PFACH: Cheers, Ian! Where’s the bloody bar in this place?
ISomer: Peter Fachinelli? Where did you get my phone number?
PFACH: It’s me, Rob! I stole Peter’s phone. He won’t mind he’s like my da. I got this free phone from AT&T, but it doesn’t text. It DOES have a neat flip lid, so I won’t accidentally call Nikki Reed anymore. Kristen doesn’t like that. So where’s the bar?
ISomer: Leave me alone. He last thing you need is a drink.
PFACH: I always need a drink, bloke! But it’s for my date.
ISomer: Kristen Stewart isn’t here. Did you come with the other vampire girl?
PFACH: That sexy little bird? Nina Di…Russian something? I tried to chat her up on the carpet. I think we are hitting up Mickey D’s after the show.
ISomer: That’s my girlfriend!!!!!
PFACH: I truly apologize, Ian! But isn’t she a bit young for you? She’s like 16 and your 40.
ISomer: I…I…what is wrong with you! By the way, I’m 33!
PFACH: You look so much older. Anyway, back to the bar. Betty wants to get her drink on.
ISomer: Betty White? What?!?
PFACH: Those older bird love to get their drink on! I learned this on the Water For Elephants set with Reese. She loved those G&T’s…hold on a sec! I just won!
I’m back! What did you think of my speech?
ISomer: It sucked, Sparkles.
PFACH: That wasn’t nice. Oh it’s Paul!
PWes: Dude, nice speech! I should plan you a celebration party! It would be better with Nina’s help, but IAN doesn’t let her help anymore.
ISomer: She can’t spend everyday at you house picking out decorative party napkins, Paul.

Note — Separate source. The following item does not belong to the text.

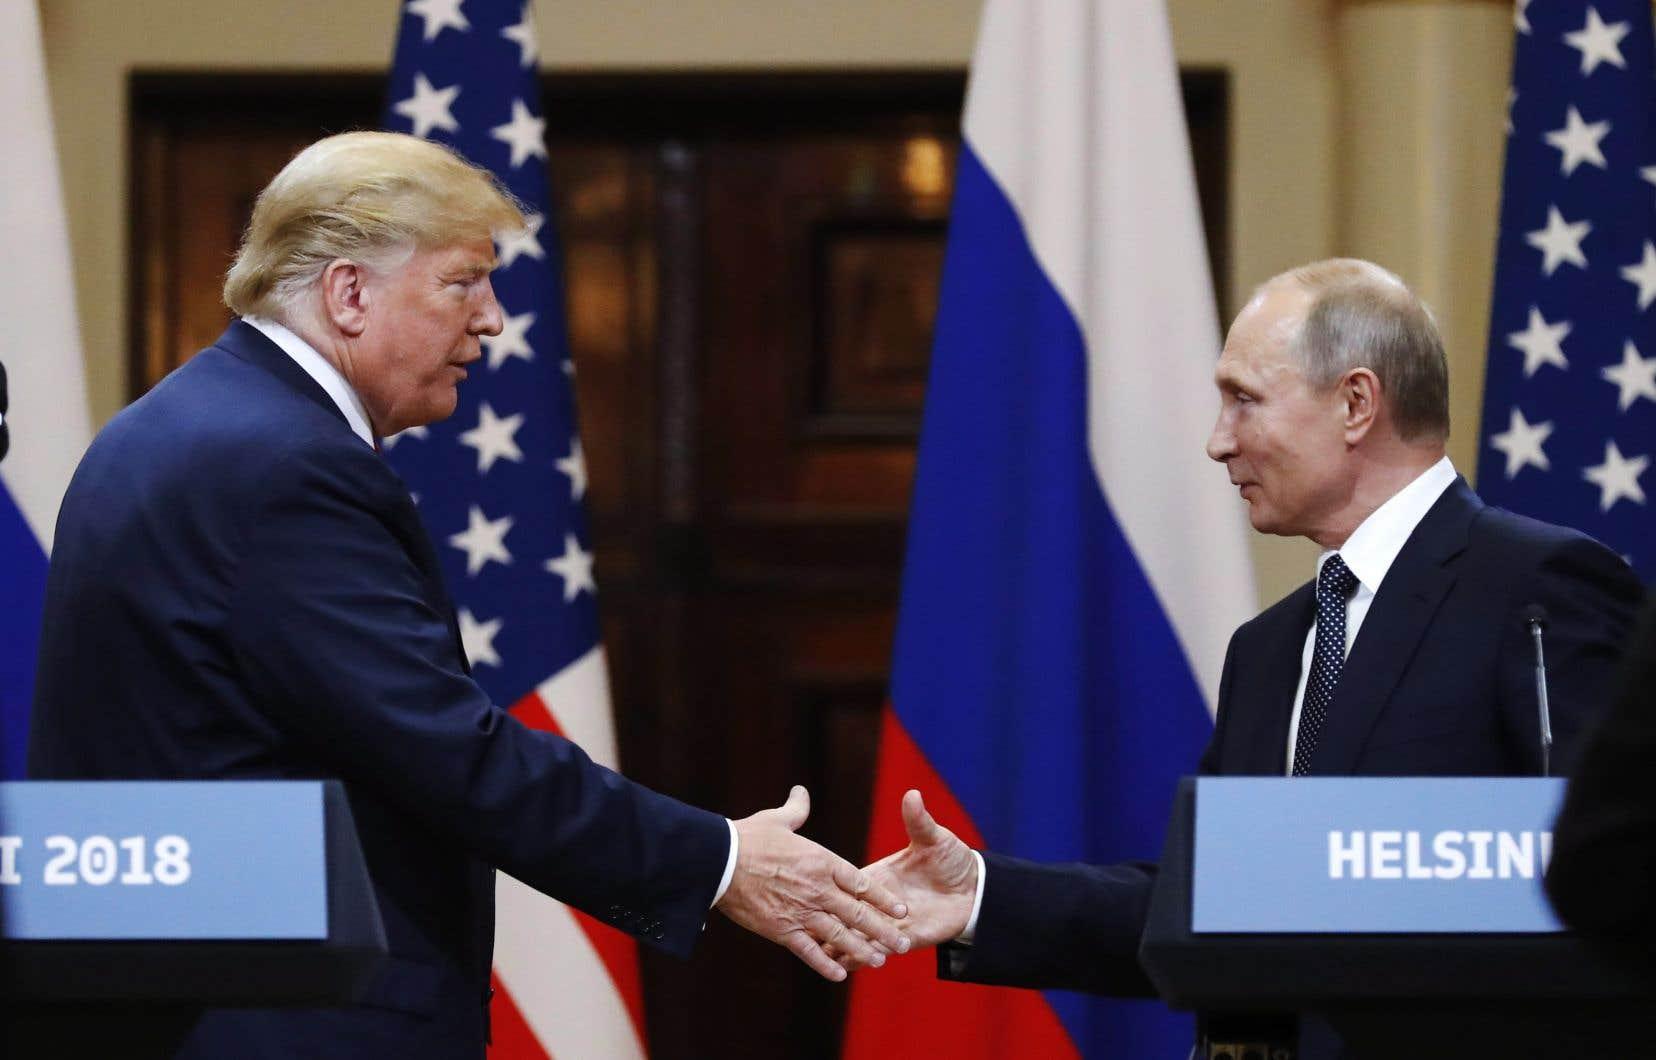 Jeudi après-midi, la Maison-Blanche a tenté de clore une des nombreuses polémiques nées de la désormais célèbre conférence de presse sur la Baltique.

It’s getting obsessive and, to tell the truth, weird.
PWes: You’re just jealous I never ask you on your opinion on my napkins.
Anyway, ROB what happened to your hair?!? OMG!
PFACH: A little razor incident. You see, Tom and I got a 12 pack of Heineken. We thought Sienna and Kristen would like us free of cumbersome hair. Tom chickened last minute and here I am left hairless. Kristen is quite put out and keeps mentioning Chris Helmsworth’s flowing locks. Stupid Snow White.
ISomer: You know what’s stupid? Your story and your shirt.
PWes: I like his shirt. It shows he’s relaxed and fun.
ISomer: You would.
PFACH: Paul would, because he is a true friend. I like your shirt, too. The rolled sleeves are a nice touch! Not stuffy, like Mr. Fancy Pants.
Look! Your lady won, Ian! Why is she smiling at Paul?
ISomer: Please stop.
PFACH: Don’t be put out. She probably misses picking out streamers with him, you know.
PWes: She really does. It’s true! She texts me fun entertaining ideas all day long! Like for instance, do you think 100 Monkeys would play her cousin’s 13th birthday party? He loves Twilight!
PFach: Sure. It’s not like Jackson is doing anything else.
ISomer: Will you two stop! My category is up next!
*Three sad minutes later*
PFACH: Sorry, Man. I do like that bloke from Serenity. I’ve never seen Castle. But i love Serenity, I should do SciFi. You know that the creator of Serenity created Buffy? Now THAT’S a good vampire tv show!
ISomer: I am so going to make fun of you on Twitter now. Well after a send a series of tweets about the plight of rare butterflies.
Yeah, those two should hug it out or at least do Dancing With The Stars together. #scaryimagesoftheday Can’t wait to see them at the MTV Awards!